From: DebS #2
On Oct 5, 2008
Fantastic! I can't find Chiptole Chilies in Adobo - so I've been using cans of roasted chilies. They were tricky to turn - then I discovered using 2 dinner plates to slide them onto and then flipping them. Worked like a charm! I've been using this recipe as an appetizer and a main dish! I can't wait to try these when I find the right chilies! Thanks for sharing!
From: Vino p.o. prn
On Nov 4, 2008
The chipotle sauce was Excellent!! to make it healthier, I substituted plain Greek yogurt and some salt for the mayo and served this with Shredded Chicken for Enchiladas, Tostadas, Tacos (#169500). I'll be making this one again and again!
From: Bobbie
On Apr 14, 2007
Wished I could add a few more stars!!! I made cookiedog's Cilantro Chicken and had some left over so used that to make these quesadillas. I think the extra flavor in the chicken really took these over the top (and that's the way I'll prepare the chicken each time I make these). We had the two leftover quesadillas for lunch today and they were even better heated in the microwave than they were last night! My husband wants me to make up several of these and freeze them. That way he can have one any time he wants. I served some sour cream with along with the pico de gallo/salsa. We usually use flour tortillas for quesadillas and I almost stuck with them — but I'm soooooo glad I gave the corn tortillas a try. They were excellent, and I'm sure added to the wonderful blend of flavors. Cookdog — these ROCK!

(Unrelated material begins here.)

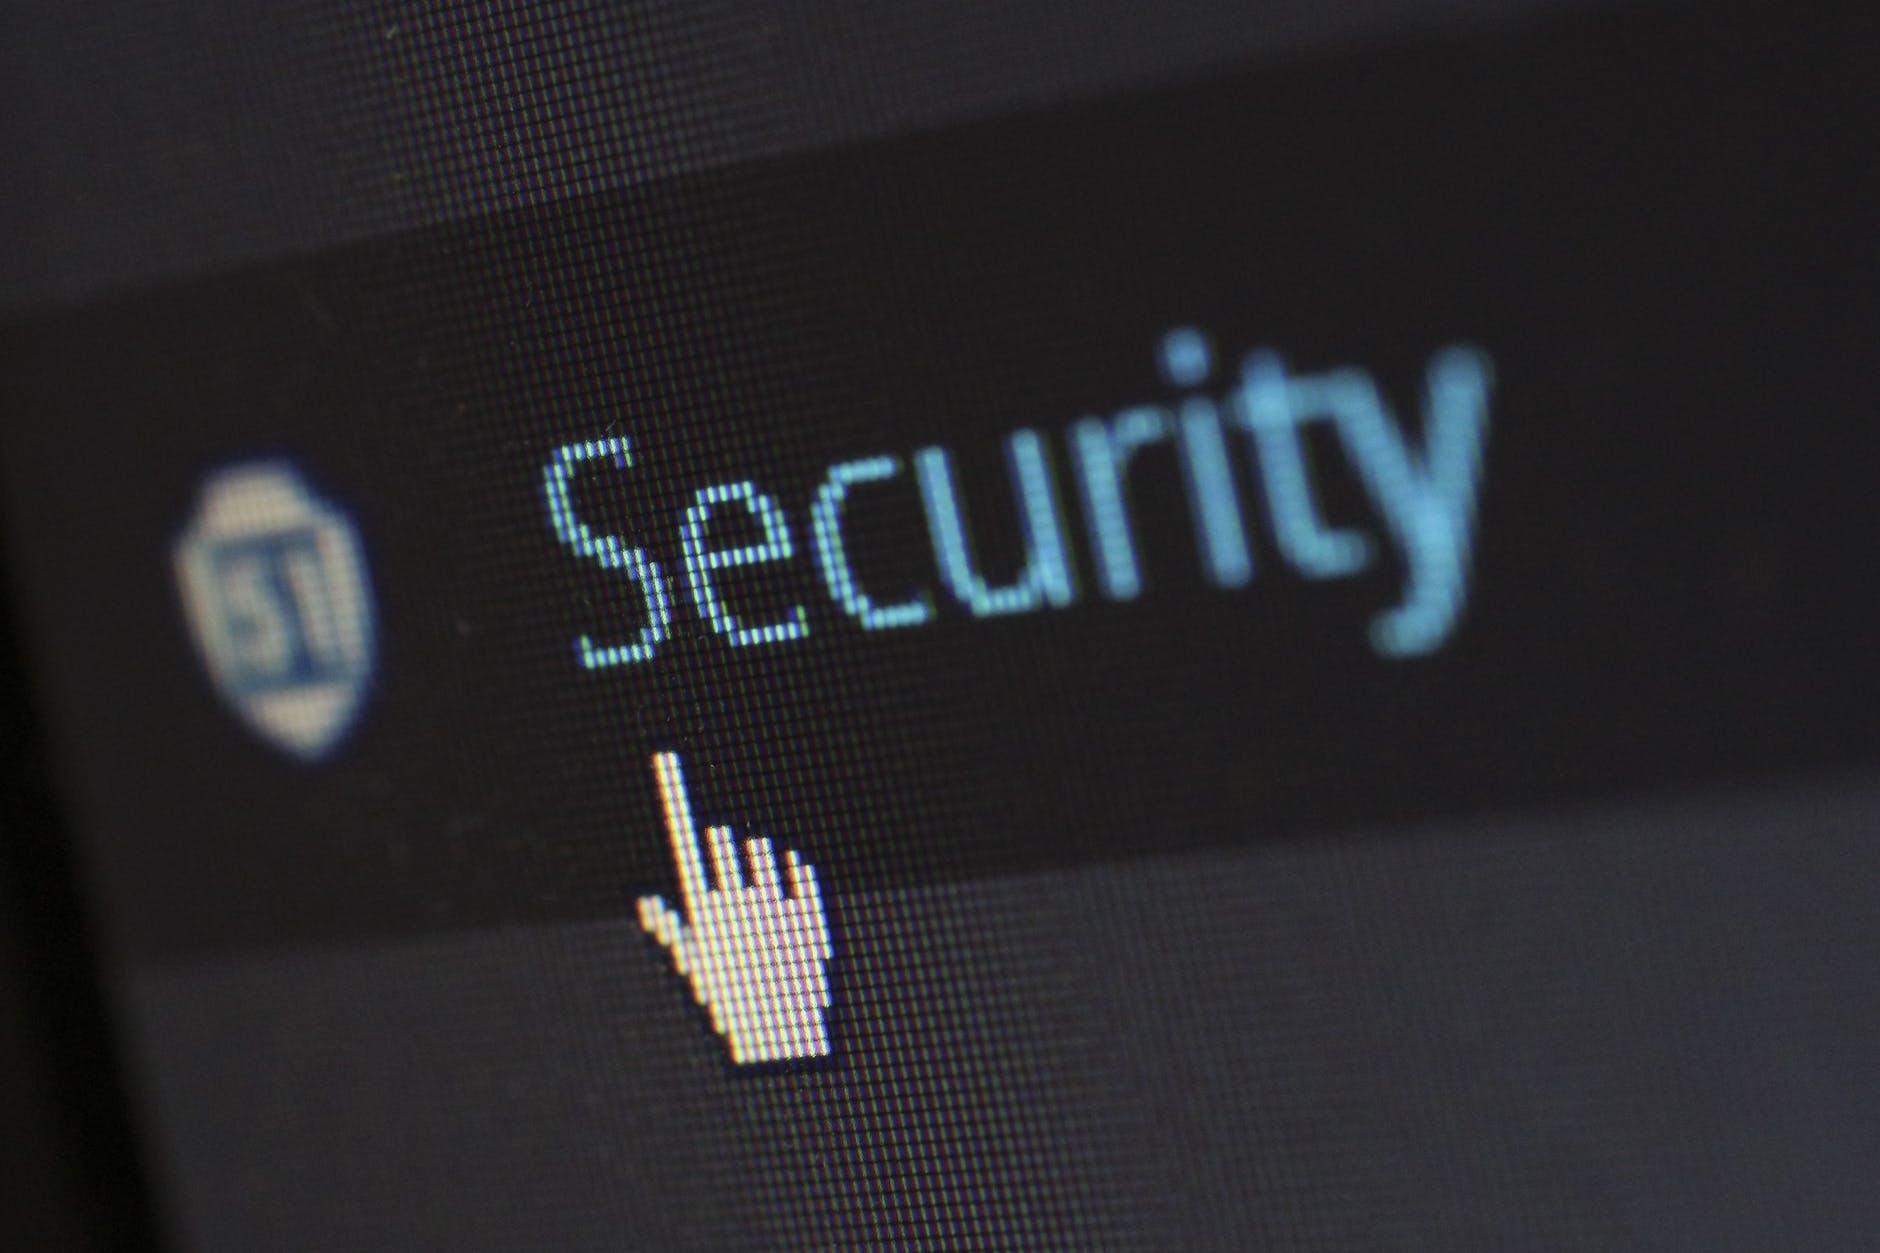 Ciberseguridad y seguridad de la información

From: Bert's Kitchen Witch
On May 15, 2007
Excellent!! I can not say any much more than, "These are the best Quesadillas that I have ever made at home!!" Way to go cookiedog! This one is another winner!
From: BakerBeth
On May 28, 2007
These reminded me of a Bobby Flay recipe. It has excellent flavor and plenty of heat. My family loved them.
From: HEP MEP
On Mar 2, 2007
Excellent. We all liked these a lot! I didn't grill my chicken - I boiled it in some chicken broth to which I added some cumin and chili powder. Then I pulled it apart. I also used flour tortillas instead of corn since we prefer them for quesadillas. I made them my usual way by brushing one side of a tortilla with a little oil, folding it over, and then filling half with the ingredients. Had Mexican rice on the side. Will be made again. Thanks!
From: Chef #446900
On Feb 8, 2007
My husband just raved over this recipe. He even wanted the leftovers (cold) in his lunch the following day. Very easy to prepare.
From: Muffin Goddess
On Oct 10, 2006
I made these with your Cilantro Chicken, and boy, were they good! I couldn't get the grill out of the shed, so I just used the Foreman grill instead — a little messy with the melted cheese, but not terrible. The chipotle sauce adds a great smoky touch (I love chipotle anything). They were crispy on the outside, gooey and cheesy on the inside. The marinaded chicken made them nice and garlicky, too. Thanks for posting, we really enjoyed these!
From: lazyme
On Nov 28, 2006
Oh, these are good! I had to grill the chicken on my stovetop grill pan because the outdoor grill is covered in snow. I made these as stated except that I used flour tortillas because that's what I had on hand. I also ended up putting a dab of the leftover sauce on top of the finished wedges and topped that with some salsa and jalapeno rings. Yummy! Thanks, cookiedog.
From: Gingernut
On Jan 1, 2007
Delicious! DH said I should give this 5 1/2 stars. I never met a quesadilla that I didn't like, but as you mentioned, the "sauce" really adds something (as does the chargrilled flavour of the chicken). Like another reviewer, I used Cilantro Chicken to make the chicken. I didn't even use half of the 2 lbs of chicken, so will use the leftovers in a salad tomorrow. I also added some finely chopped green capsicum and onions. Made both the chicken and the quesadillas on a cast iron grill pan. This worked just fine, except I only had room to make one quesadilla at a time.